0

I have a lot of tsv files that I want to upload in R. I do not want to merge them. I made a list of all files and put it in a loop to upload them. It works mostly, except that some of my files do have empty places in the first row of the last column which makes read_tsv to drop them. In the past I have simply edited the files to add - to resolve this issue but this time it is not practical as I do have hundreds of files to deal with.
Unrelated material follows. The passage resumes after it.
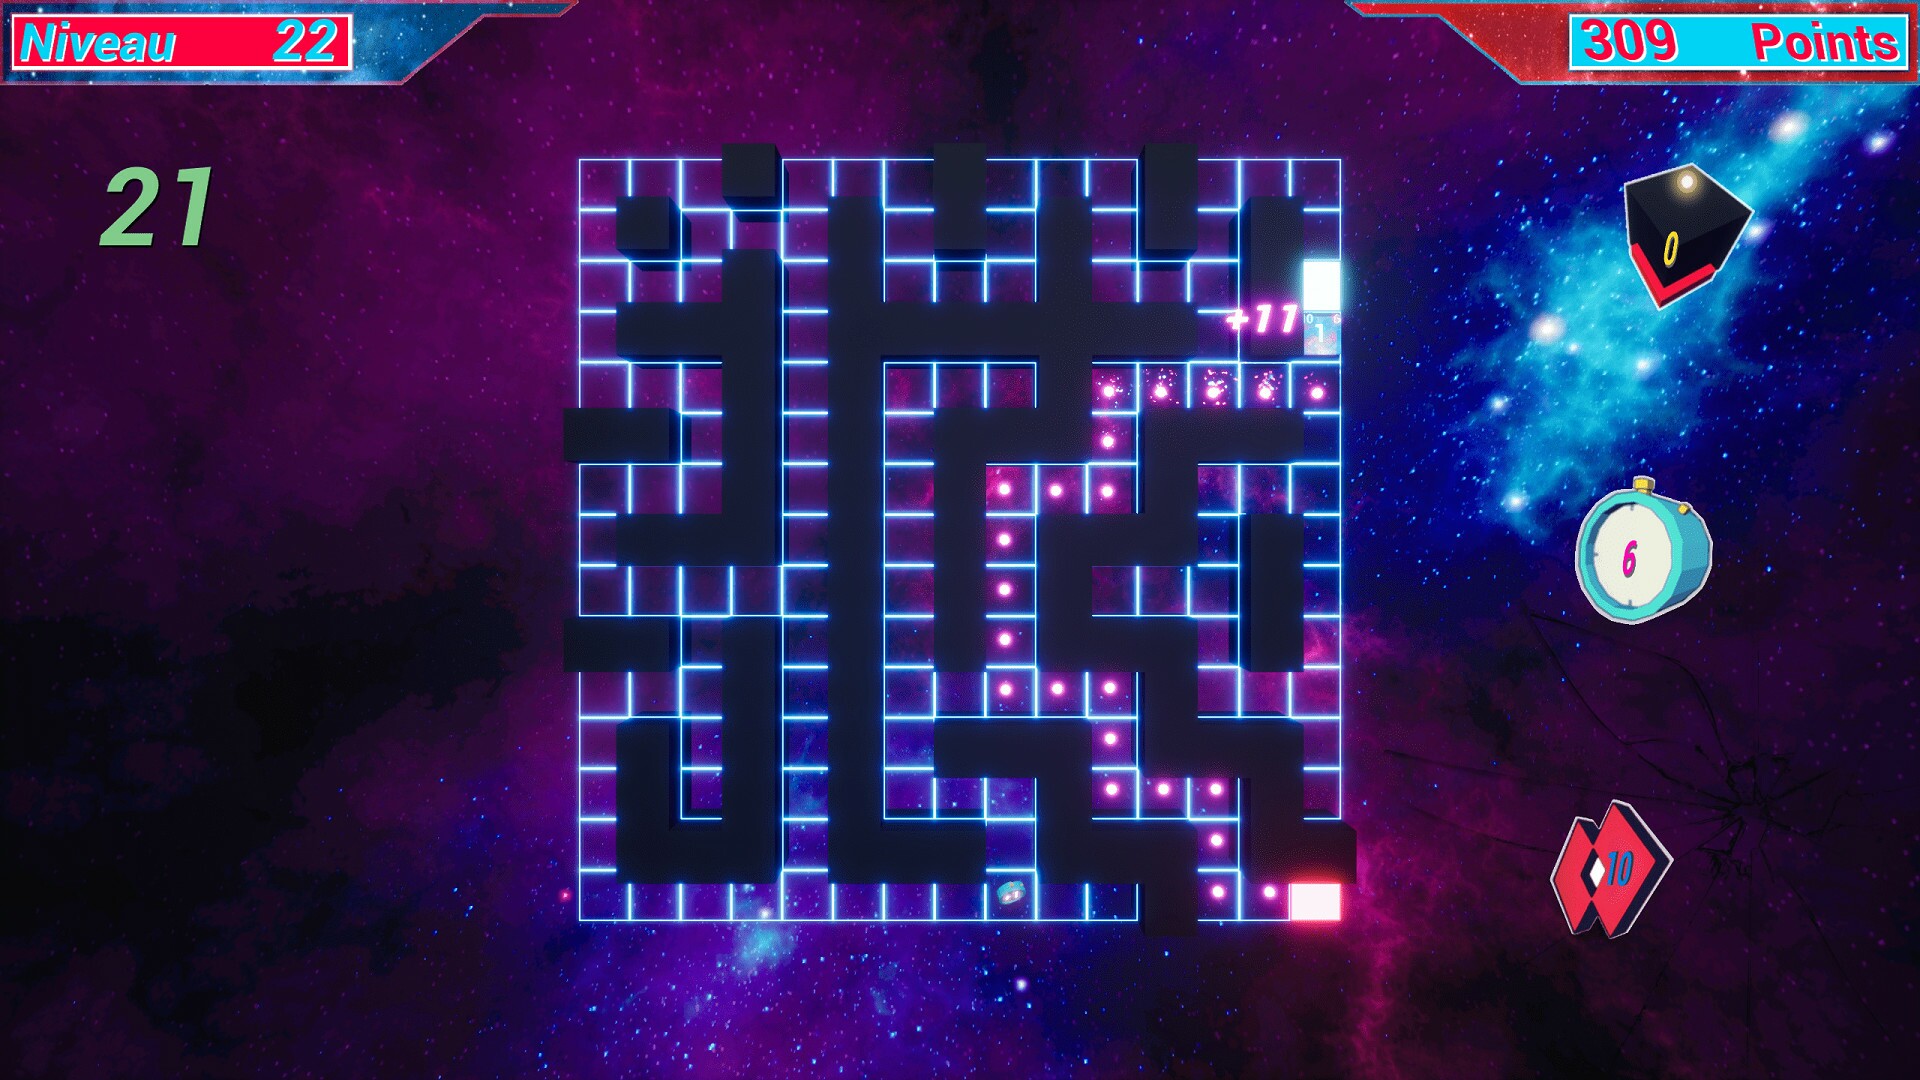 Игра про память. Supernova игра. Maze mem. G30 - a Memory Maze. Memory Maze Mr Love Victor Tour to Deep Space.
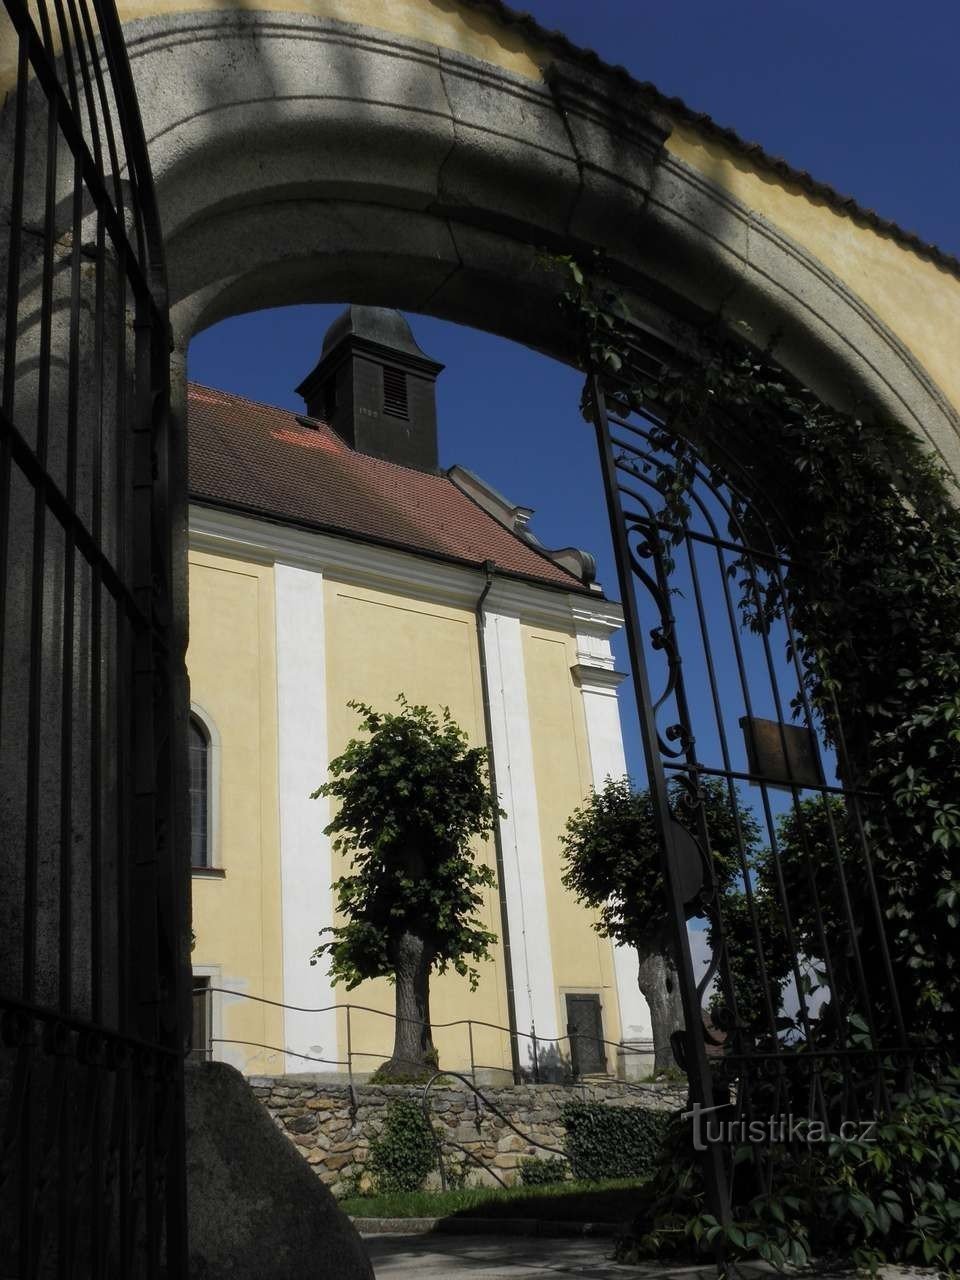 3.ª puerta a los terrenos del monasterio carmelita en Kostelní Vydří - 31.7.2010

Can you help me with this.

library(readr)
public_folder <- "C:/Users/eulus/Desktop/test/interproscan/public_results/"       
public_file_list <- list.files(path=public_folder, pattern="*.tsv")  
for (i in 1:length(public_file_list)){assign(public_file_list[i],read_tsv(paste(public_folder, public_file_list[i], sep=''), col_names = F, skip_empty_rows = F))}

I have tried to define column names and add column types but this has not solved my issue and frankly I am at loss here. Column types details posted by R is down here that shows the problem column 14 is simply dropped in the next file.

-- Column specification ----------------------------------------------------------
Delimiter: "\t"
chr (10): X1, X2, X4, X5, X6, X9, X11, X12, X13, X14
dbl  (3): X3, X7, X8
lgl  (1): X10

i Use `spec()` to retrieve the full column specification for this data.
i Specify the column types or set `show_col_types = FALSE` to quiet this message.
Rows: 266 Columns: 13                                                                                                
-- Column specification ----------------------------------------------------------
Delimiter: "\t"
chr (9): X1, X2, X4, X5, X6, X9, X11, X12, X13
dbl (3): X3, X7, X8
lgl (1): X10

i Use `spec()` to retrieve the full column specification for this data.
i Specify the column types or set `show_col_types = FALSE` to quiet this message.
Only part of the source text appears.